Mesothelioma Survival Is Longer with Combo of Surgery and Chemotherapy

The best strategy for treating diffuse malignant peritoneal mesothelioma is a combination of cytoreductive surgery and HIPEC (hyperthermic intraperitoneal chemotherapy).

That’s what French researchers writing in the European Journal of Cancer believe after examining 23 years worth of medical records from patients with diffuse malignant peritoneal mesothelioma.

You should therefore feel more confident about cytoreductive surgery with HIPEC if you have peritoneal mesothelioma and are considering this paired procedure.

However, you may want to think carefully about having neoadjuvant chemotherapy prior to cytoreductive surgery and HIPEC. According to the researchers, it can reduce survival potential.

The researchers noted that the combination of cytoreductive surgery and HIPEC is the acknowledged gold standard for waging war against diffuse malignant peritoneal mesothelioma.

Therefore, peritoneal mesothelioma patients would be wise to choose cytoreductive surgery and HIPEC as the first line of treatment (if their doctors deem it appropriate), the researchers contend.
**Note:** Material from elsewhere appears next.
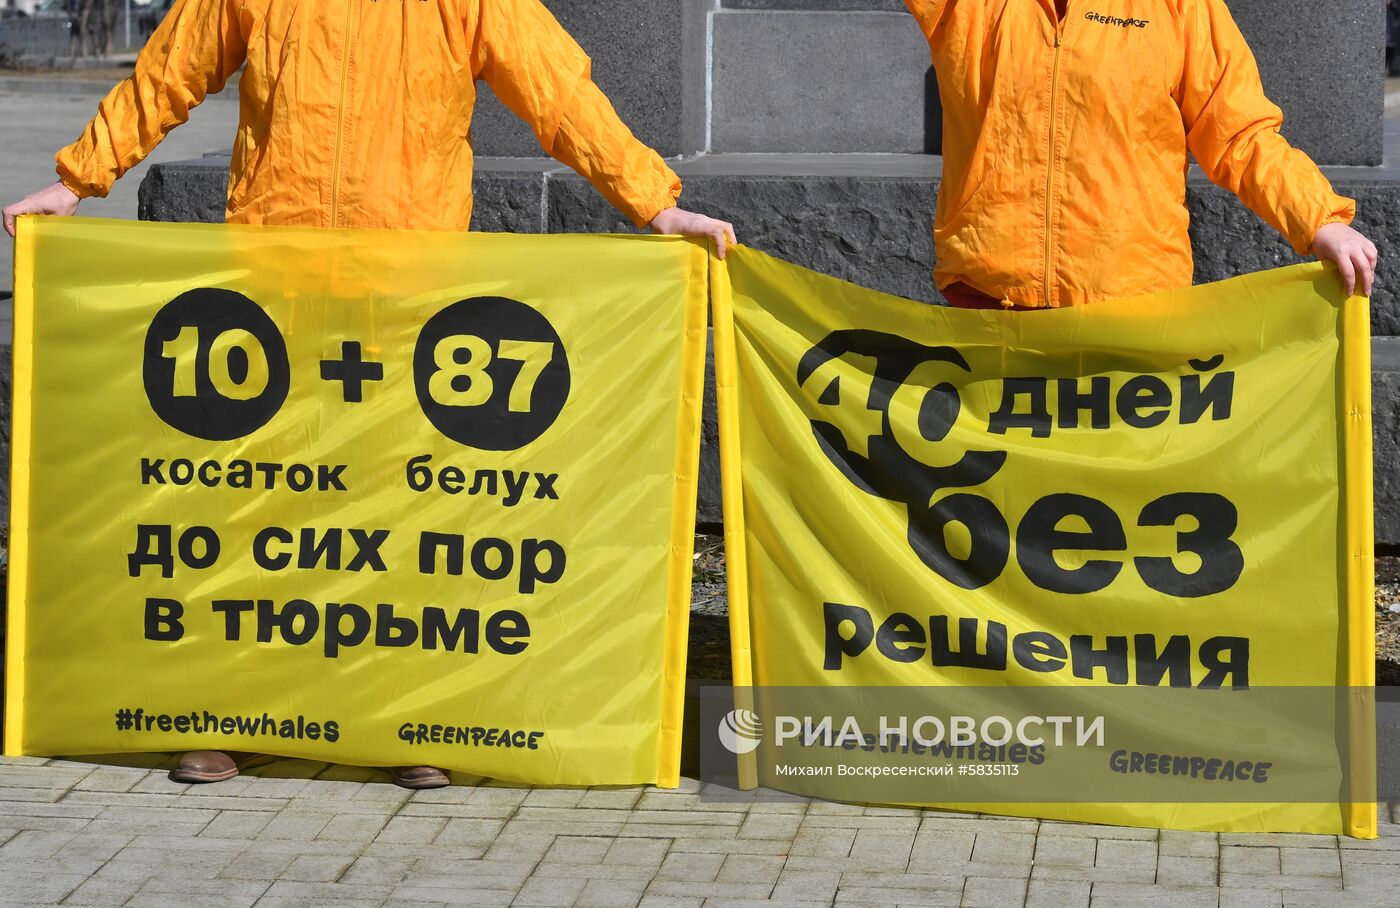 Акция в защиту белух и косаток в Москве

Cytoreductive Surgery and HIPEC Best Treatment for Peritoneal Mesothelioma

Cytoreductive surgery is a procedure that has as its goal the elimination of all mesothelioma cells in the abdomen and pelvic region. This is accomplished with the use of multiple peritonectomy procedures.

HIPEC comes immediately after the surgery and while you’re still on the operating table. It entails administering heated chemotherapy drugs. Typically, the drugs used are cisplatin and doxorubicin.

The value of doxorubicin is that it discourages mesothelioma cells from coming back. It does this by inhibiting the enzyme topoisomerase II and by promoting DNA-destroying free radicals to form.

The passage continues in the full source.